Par conclusions d'appelants notifiées le 22 décembre 2022, les époux [J] ont demandé à la cour, outre d'annuler et subsidiairement d'infirmer le jugement en ses chefs critiqués à la déclaration d'appel, d'annuler et subsidiairement d'infirmer les chefs du jugement les ayant déboutés de leur contestation et de leur demande fondée sur l'article 700 du code de procédure civile, et les ayant condamnés à verser au Crédit Foncier la somme de 1 800 au titre des frais irrépétibles.
Par conclusions d'incident transmises le 17 janvier 2023, auxquelles il convient de se reporter pour l'exposé détaillé de leurs prétentions et moyens, les époux [G], adjudicataires, ont demandé au président de la chambre de l'exécution :
- de prononcer l'irrecevabilité de l'appel des époux [J],
- de condamner les époux [J] à leur verser la somme de 2 000 euros au titre de l'article 700 du CPC ainsi qu'aux entiers dépens.
Au soutien de leurs prétentions, les époux [G] font valoir en substance :
- que selon les dispositions de l'article 901, 4° du code de procédure civile, la déclaration d'appel contient à peine de nullité les chefs du jugement expressément critiqués auquels l'appel est limité, sauf si l'appel tend à l'annulation du jugement ou si l'objet de l'appel est indivisible ; que la déclaration d'appel du 17 novembre 2022 était strictement limitée à la partie de la décision relative à l'adjudication ;
- que le jugement statuant sur l'adjudication est uniquement susceptible de pourvoi en cassation.
Par conclusions d'incident transmises le 20 janvier 2023, auxquelles il convient de se reporter pour l'exposé détaillé de ses prétentions et moyens, la société CFF a demandé à la cour sur le fondement des articles 901, 4° du code de procédure civile et R. 322-60 du code des procédures civiles d'exécution :
- de juger les époux [J] irrecevables en leur appel,
- de condamner solidairement les époux [J] à lui verser une indemnité de 5 000 euros en application des dispositions de l'article 700 du code de procédure civile à raison des frais irrépétibles qu'elle a dû engager pour faire valoir ses droits à la présente instance,
- de condamner solidairement les époux [J] aux entiers dépens.

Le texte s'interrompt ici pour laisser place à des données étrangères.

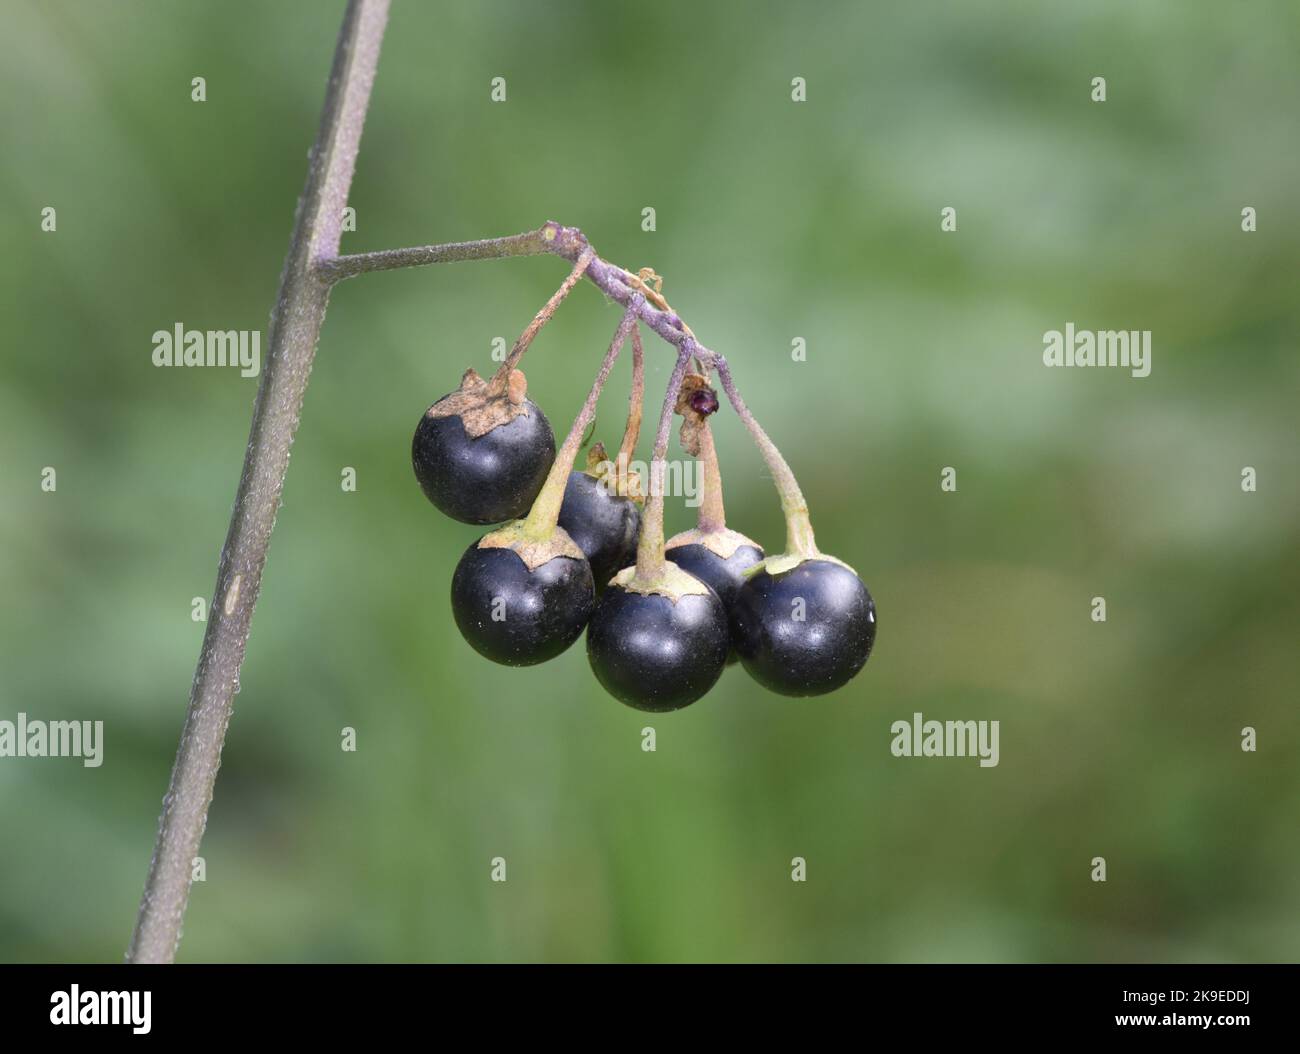 Black Nightshade - Solanum nigrum Stock Photo

Au soutien de ses prétentions, la société CFF fait valoir en substance :
- qu'elle a conclu au fond le 10 janvier 2023 en soulevant notamment l'irrecevabilité de l'appel ;
- que l'article R. 322-60 alinéa 2 du code des procédures civiles d'exécution prévoit que seul le jugement d'adjudication qui statue sur une contestation est susceptible d'appel de ce chef dans un délai de quinze jours à compter de sa signification ; que la déclaration d'appel ne remet pas en cause le rejet de la contestation des débiteurs saisis, de sorte que la cour n'est saisie que de la réformation du jugement statuant sur l'adjudication, uniquement susceptible de pourvoi en cassation ;
- que l'attitude manifestement abusive des époux [J] justifie l'allocation d'une indemnité au titre des frais irrépétibles.
Par conclusions transmises le 17 février 2023, auxquelles il convient de se reporter pour l'exposé détaillé de leurs prétentions et moyens, les époux [J] ont demandé au conseiller de la mise en état :
- de dire et juger l'exception de procédure irrecevable devant le conseiller de la mise en état,
Subsidiairement,
- de dire et juger l'exception de procédure mal fondée, de débouter les intimés et de dire et juger l'appel recevable,
- de condamner le CFF, la société Air Flow Europe et les époux [G] à leur verser à chacun la somme de 500 euros au titre de l'article 700 du code de procédure civile.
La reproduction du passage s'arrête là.